= Icing the kicker =

Timeout before a kick in gridiron football

In the sports of American football or Canadian football, the act of icing the kicker or freezing the kicker is the act of calling a timeout immediately prior to the snap before a field goal attempt in order to disrupt the process of kicking a field goal. The intent is to throw the kicker off their routine and force them to feel pressure for a longer amount of time. The tactic is used at the collegiate and professional levels, although its effectiveness has not been proven.

==Overview==

In order to ice a kicker, either a player or a coach on the defending team will call a timeout just as the kicker is about to attempt field goal. This is intended to either stop the kick immediately as the kicker is mentally prepared, or allow for the kicker to kick immediately after the timeout so that the initial kick does not count, in an attempt to mentally disrupt the kicker for the actual kick. If the tactic is successful, the kicker will miss the kick due to choking. Should the kicker make the subsequent kick, then the attempt to ice the kicker is considered unsuccessful.

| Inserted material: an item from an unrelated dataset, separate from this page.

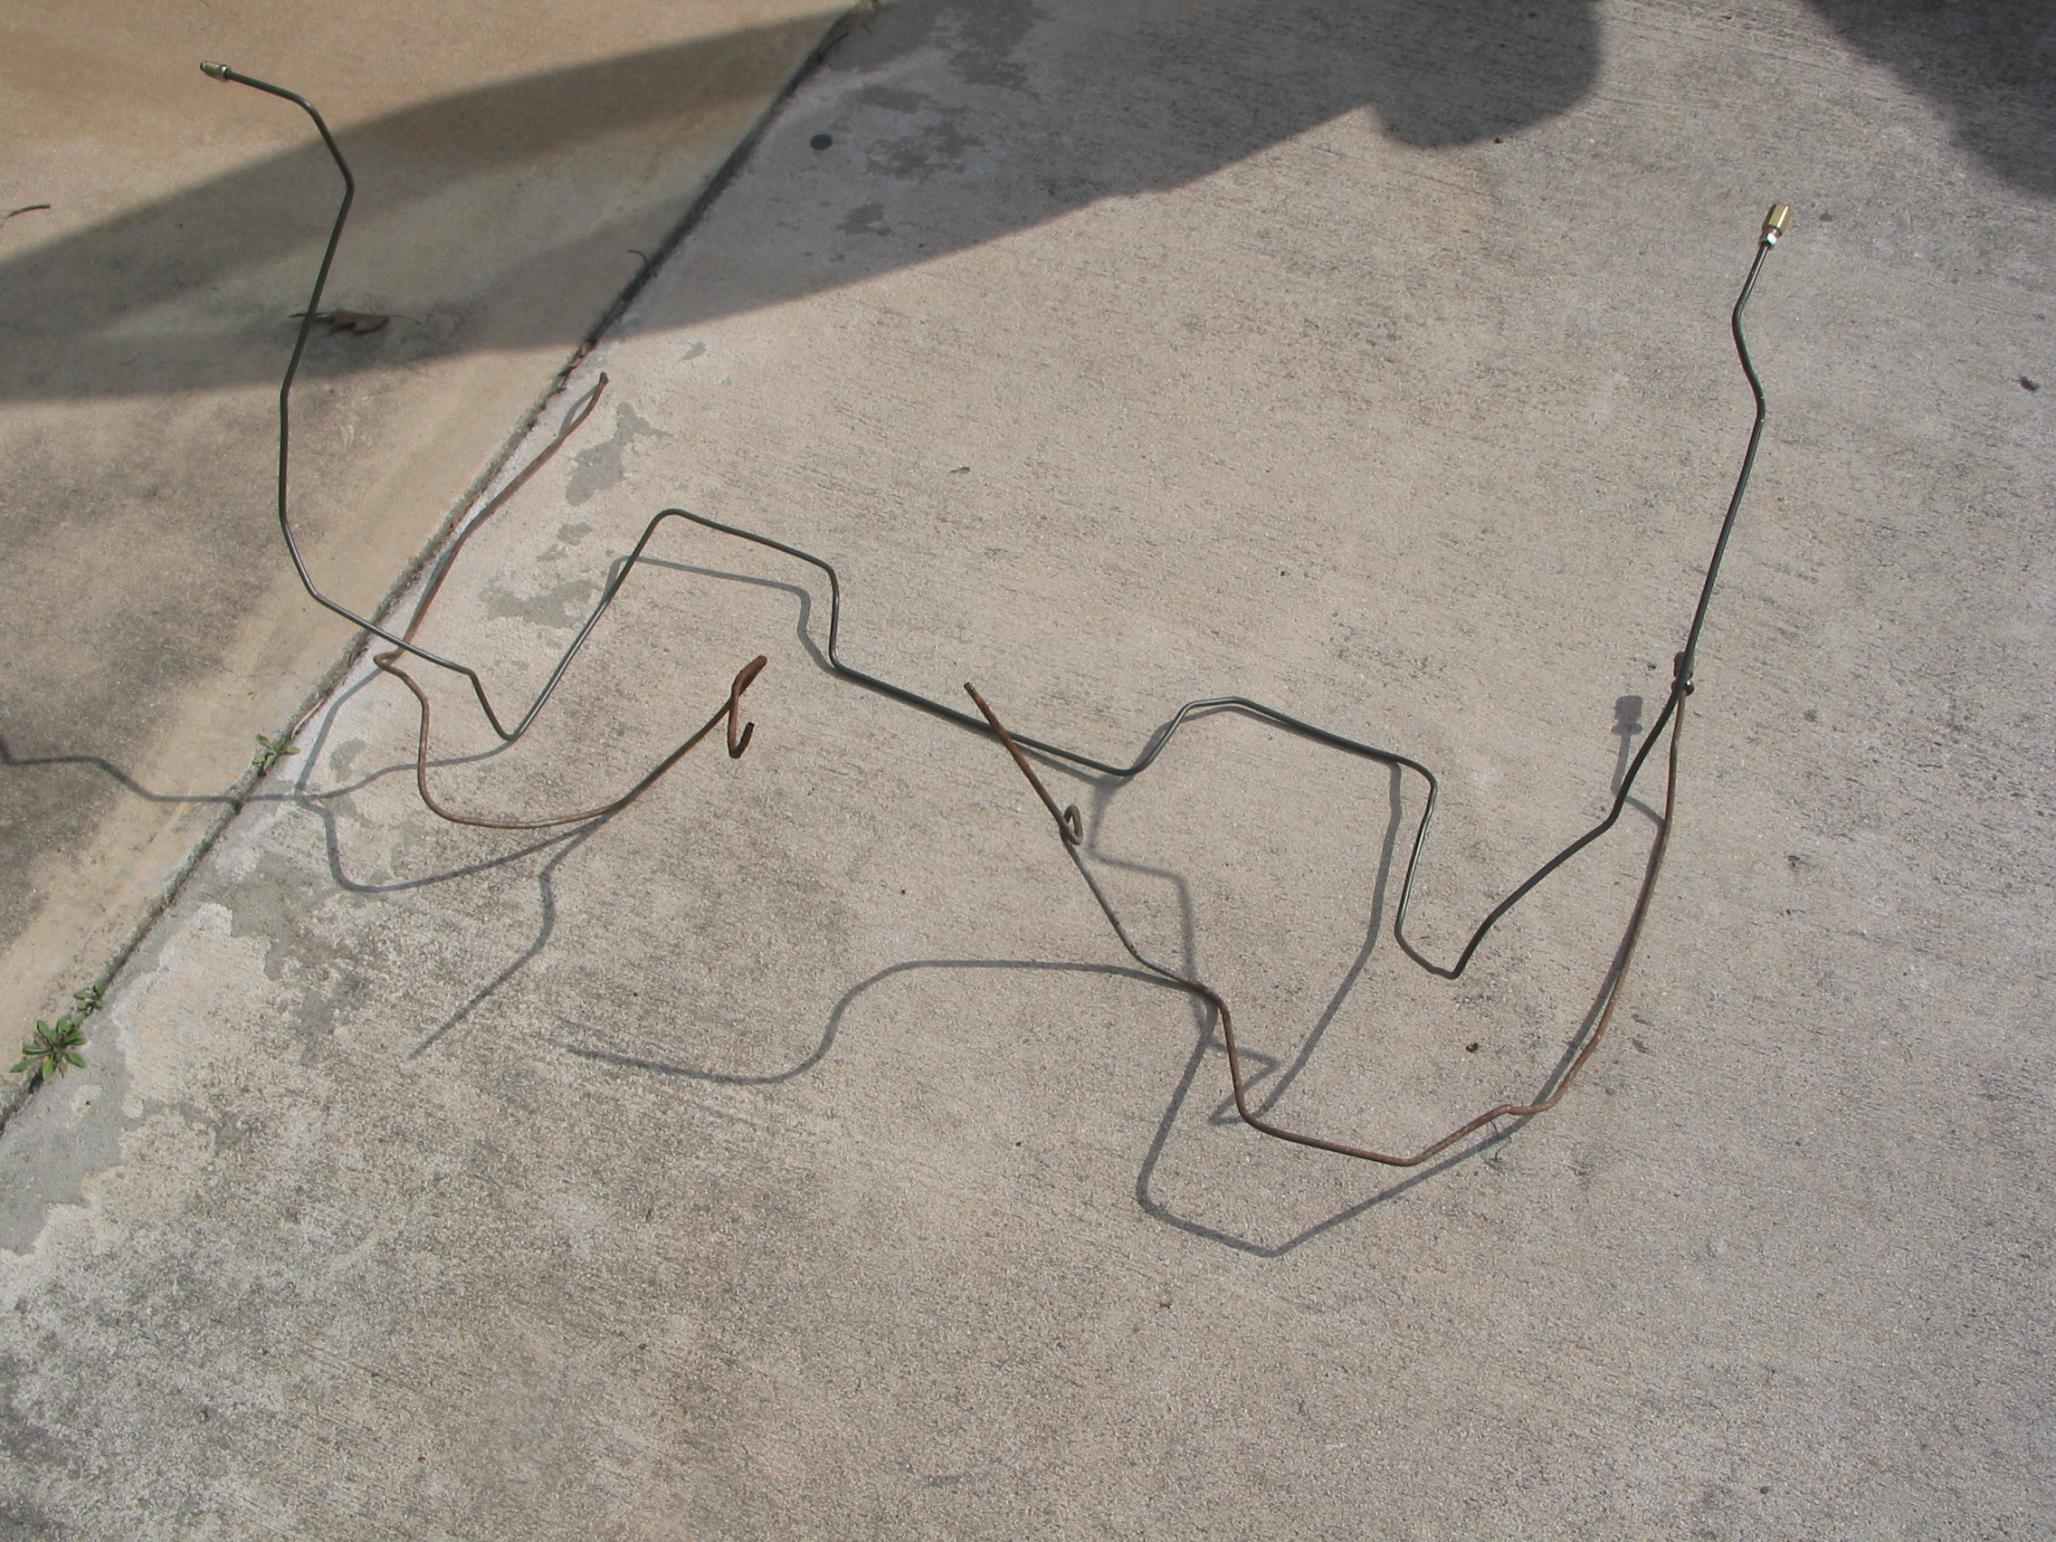 Trailblazer Brake Diagram 97 K1500 Diy Brake Lines Chevrolet Forum Chevy

In the NFL, each team can only call one timeout between the same two plays, in other words, during the same dead-ball period. In contrast, repeated icing in college football is legal provided a team has multiple timeouts remaining.

One variant of this tactic, attributed to former Denver Broncos head coach Mike Shanahan, is to call time out from the sidelines just before the ball is snapped. This prevents the kicking team from realizing the kick will not count until after the play is over. However, this has the potential to provide the reverse of the intended result: the invalid first kick could miss or be blocked, only to be followed by a successful second kick, or—if the kick is particularly risky—it could give the kicker a "practice kick" that, if successful, could give the kicker even more confidence, as was the case with a 64-yard Jake Bates field goal that the St. Louis Battlehawks unsuccessfully tried to ice in 2024.

==Effectiveness==

A study published in the journal Chance looked at every field-goal attempt made in the 2002 and 2003 NFL seasons, including playoffs, and concluded that, for "pressure kicks", i.e., those made with three minutes or less remaining in the game or overtime period which would tie the game or put the kicking team in the lead, for attempted kicks in the 40–55 yard range, icing the kicker caused the percentage of successful attempts to drop by about ten percent for an average kicker on a sunny day. On shorter kicks, the effect was found to be negligible. However, the statistical significance of the difference found - which amounted to four kicks out of 39 attempts - has been questioned, and a different review of "pressure kicks" (defined as above except within two minutes, not three) in the NFL regular season from 1991 to 2005 showed an insignificant difference between non-iced kicks (457 out of 637, or 71.7%) and iced kicks (152 out of 211, or 72.0%).

==In other sports==
A similar tactic is also common in basketball, known as icing the shooter. A team may call a timeout just before the opposing team's free-throw shooter is given the ball on the final free throw, in an attempt to disrupt the shooter, typically if a missed free throw allows for the calling team to either have a chance to win the game with a successful field goal, or allows the calling team to preserve a lead.